Evidemment, l’immense majorité des masses, tellement abrutie par la « rééducation nationale », la non transmission de la culture, l’absence d’esprit critique et sa mise sous perfusion des médias officiels – sans oublier la menace de mort social pour les « réactionnaires » de tous calibres – goba le mensonge éhonté du prétexte de la « catastrophe naturelle ». Et comble du mépris, on fit porter le prix de cette tragédie sur les épaules des victimes…c’était de leur faute, il fallait consommer, produire, vivre autrement…en respectant la « nature » etc.

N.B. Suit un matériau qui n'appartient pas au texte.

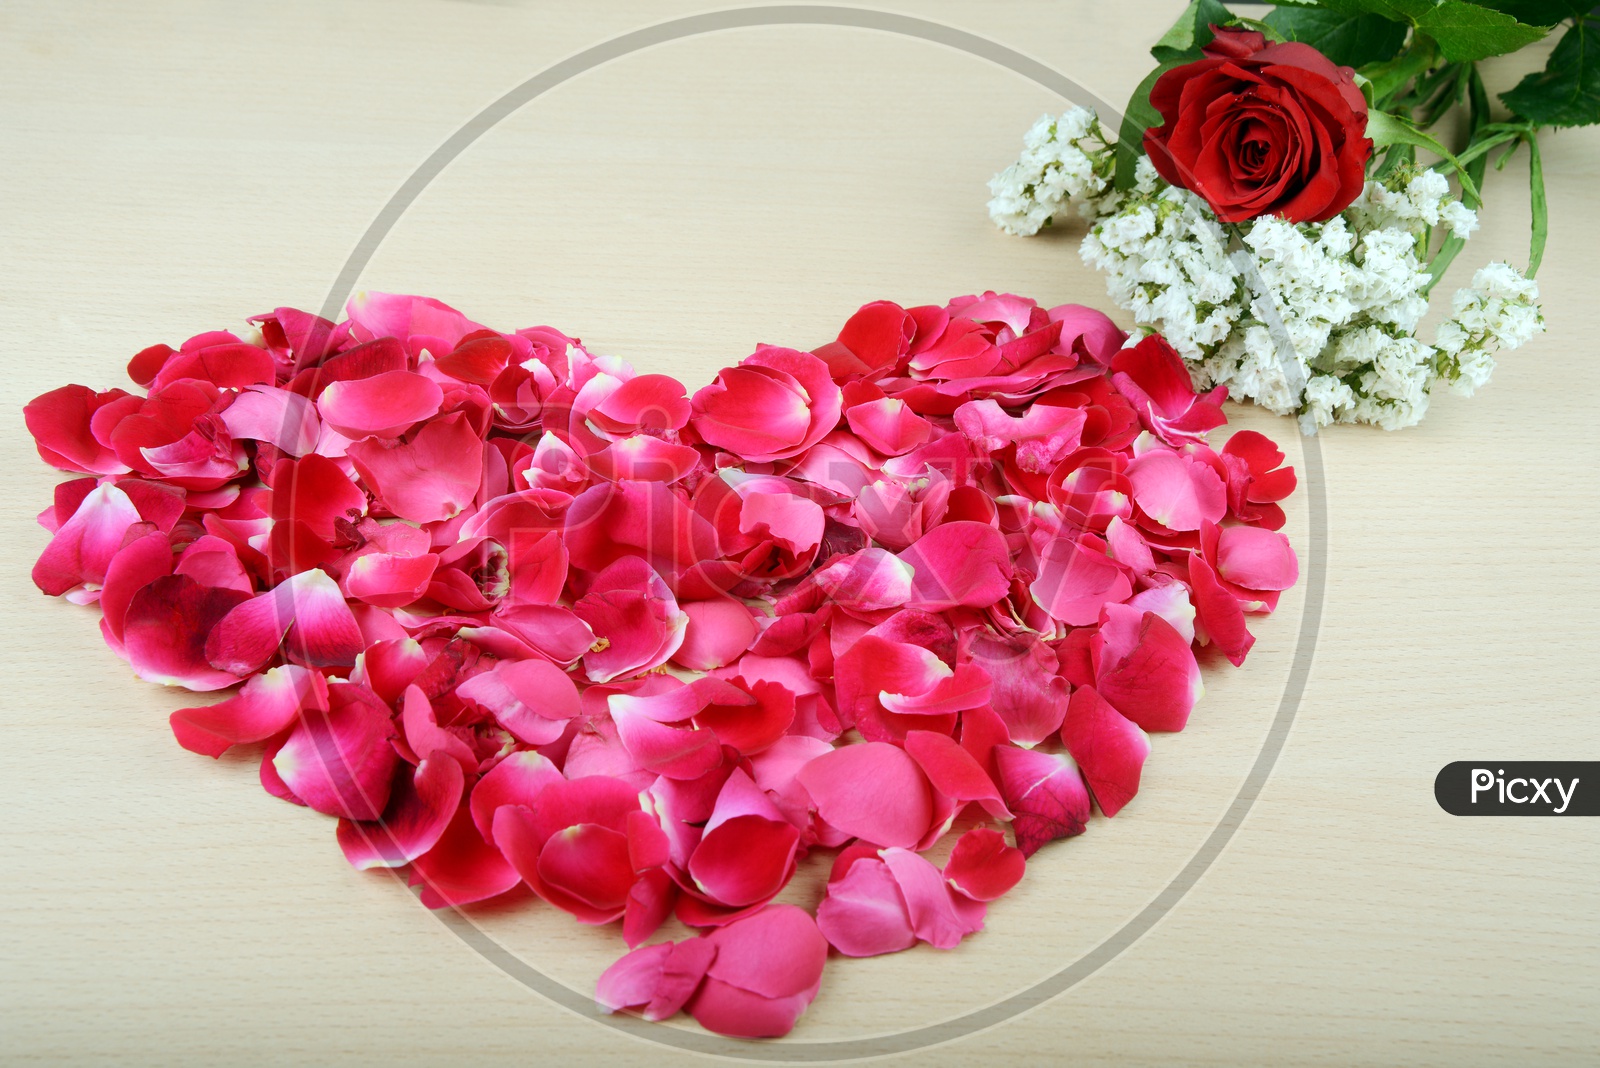 Red Rose petals  in heart shape
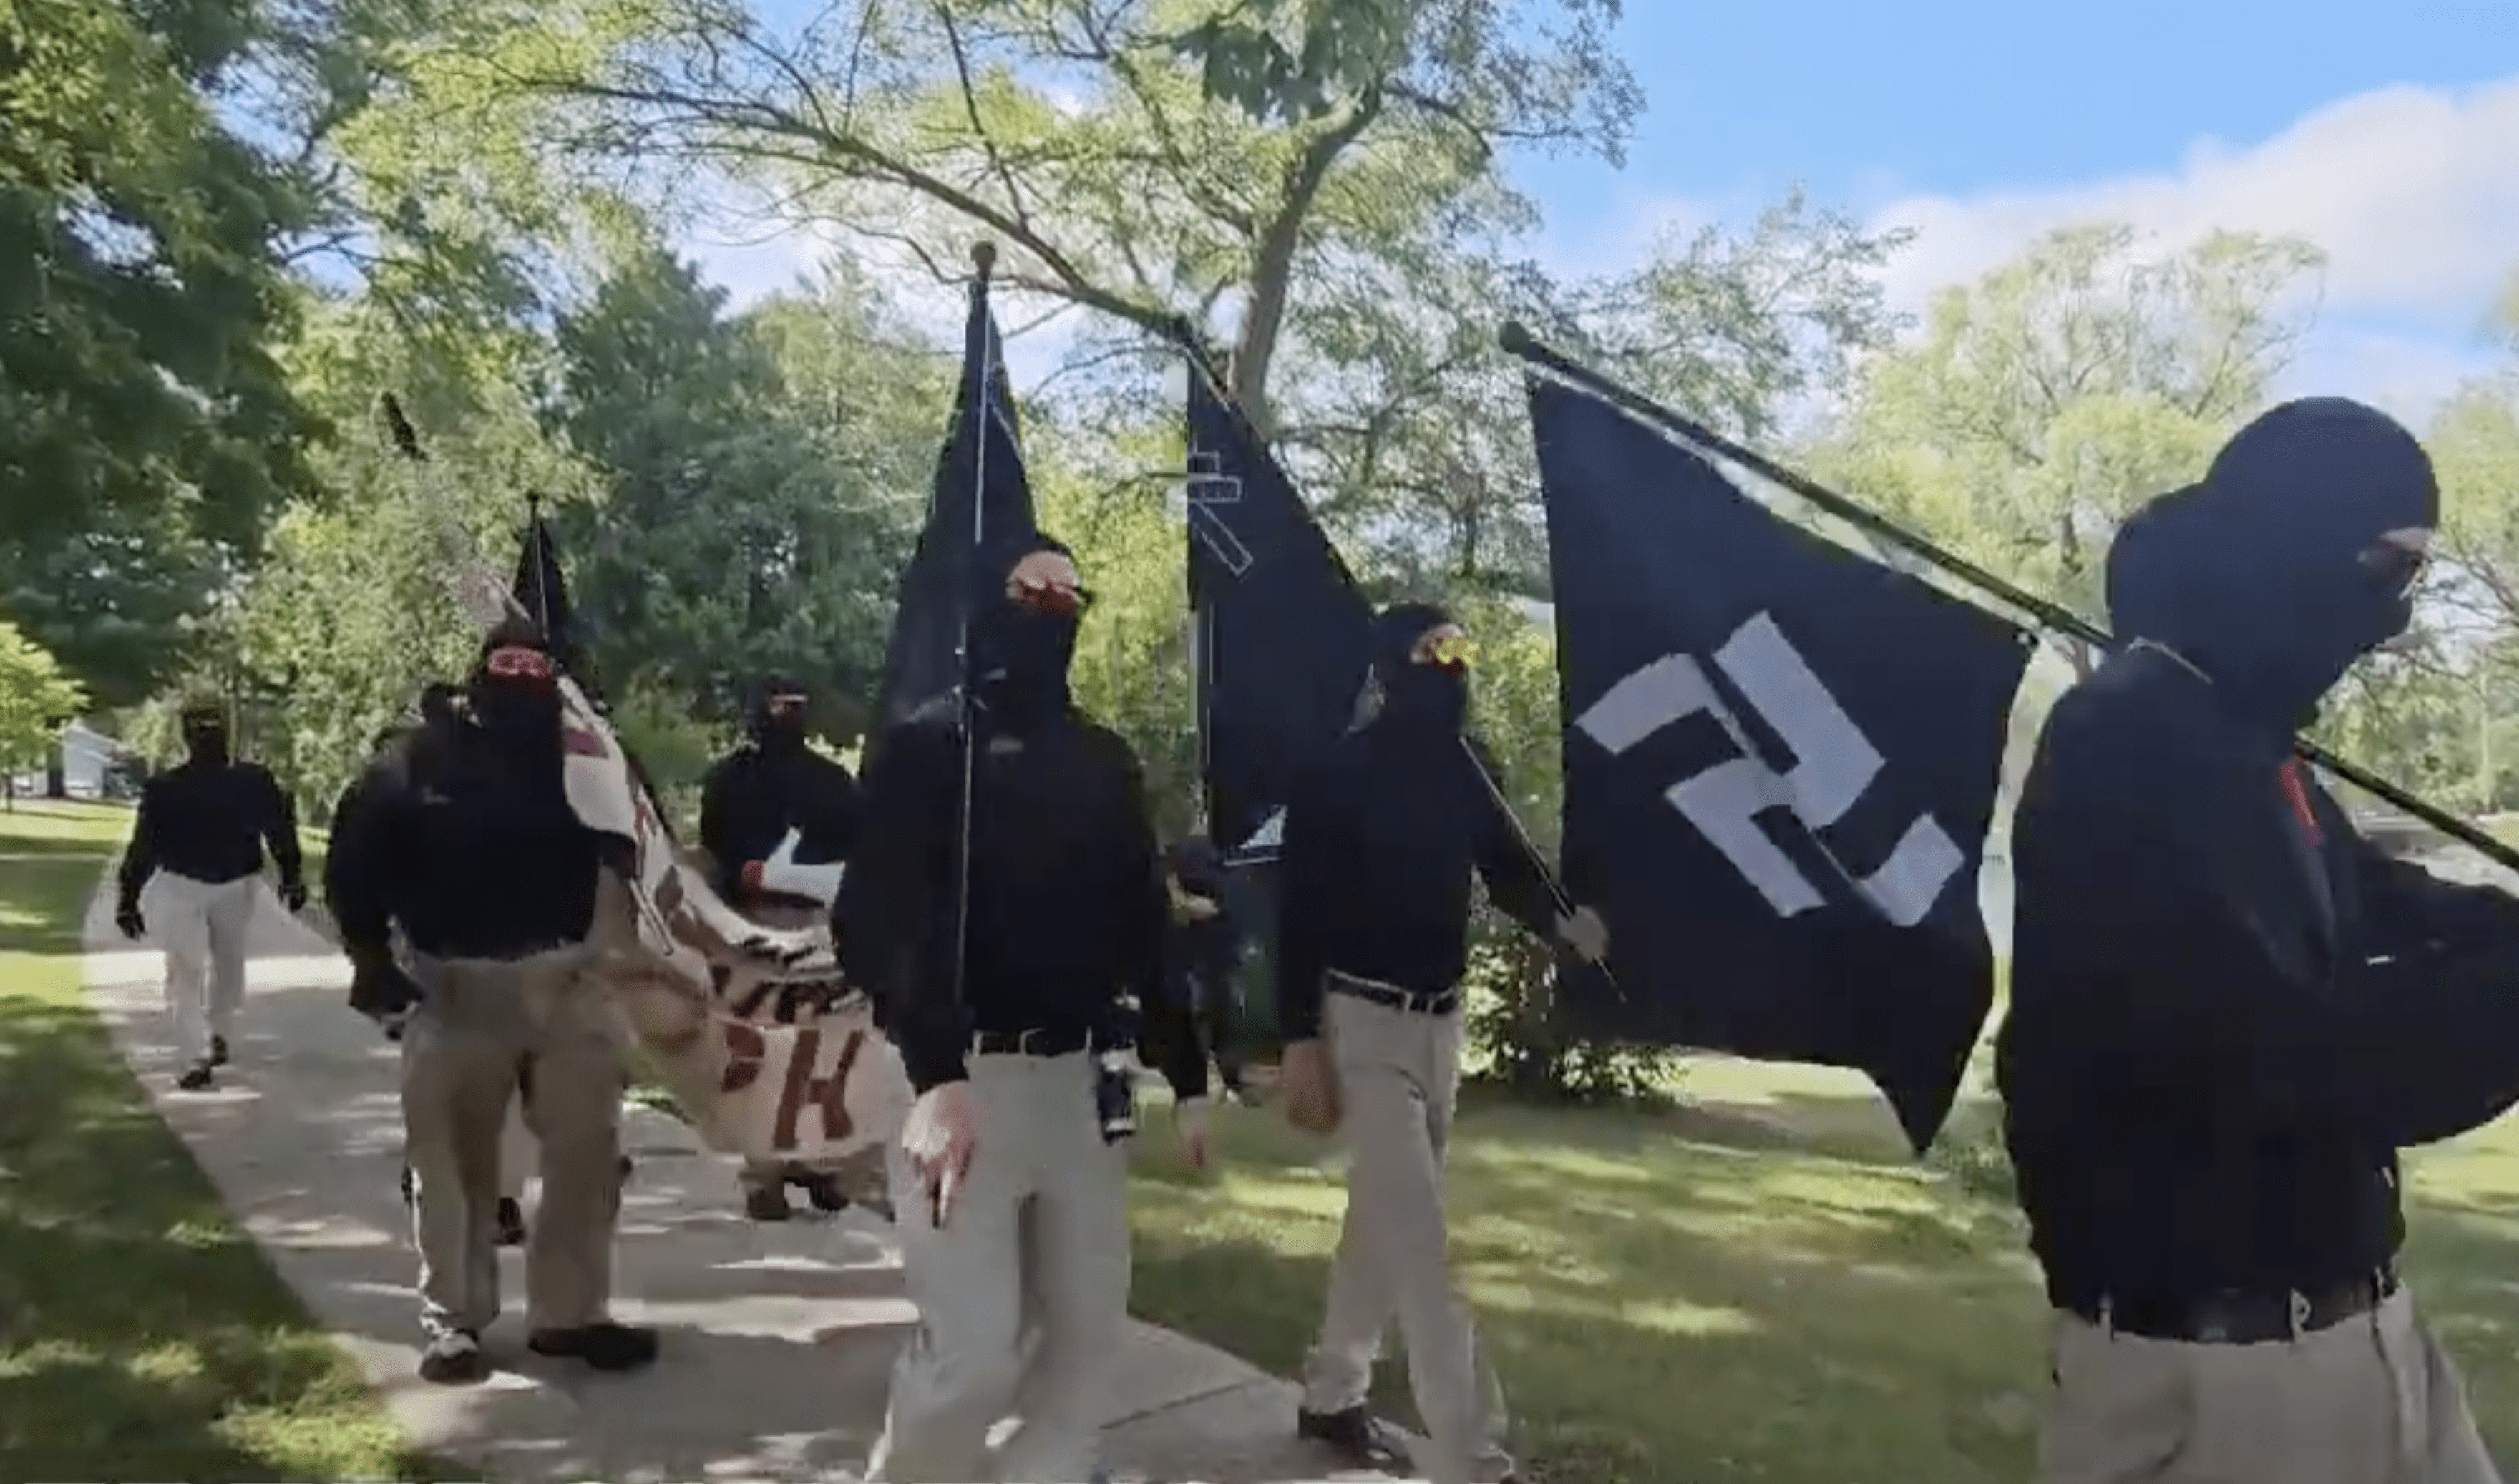 Rebranding? – New Neo-Nazi Group “Blood Tribe” Stages Armed Protest with Swastika Flags at LGBT Pride Event in Wisconsin (VIDEO)

Je sais, tout ceci doit vous paraître absurde, digne d’une tribu dont je serais la tête pensante, un complotiste de plus…..Surtout que cela n’est pas sans rappeler le projet inscrit dans la pierre des Georgia Guidstones….et pourtant…nous en sommes bien là, aujourd’hui.
Les rares survivants indésirables, disposant d’un minimum d’entendement sont pourchassés et éradiqués, inlassablement, la vérité ne devant jamais éclater au grand jour. La quasi majorité des « élus », cette micro classe dirigeante, pas beaucoup plus lettrée ni lucide que les autres, croit en toute bonne foi au roman eschatologique répété ad nauseam sur tous les écrans. Cette petite société consciencieusement désacralisée s’accroche fermement à la croyance d’un Jugement Dernier en leur faveur.
Leur hubris, engendré par leur autosatisfaction d’exterminateurs, permit à quelques îlots de rescapés indésirables d’entrer en contact et de bâtir des souterrains, des trous, de vivre comme des rats, de tenter de survivre.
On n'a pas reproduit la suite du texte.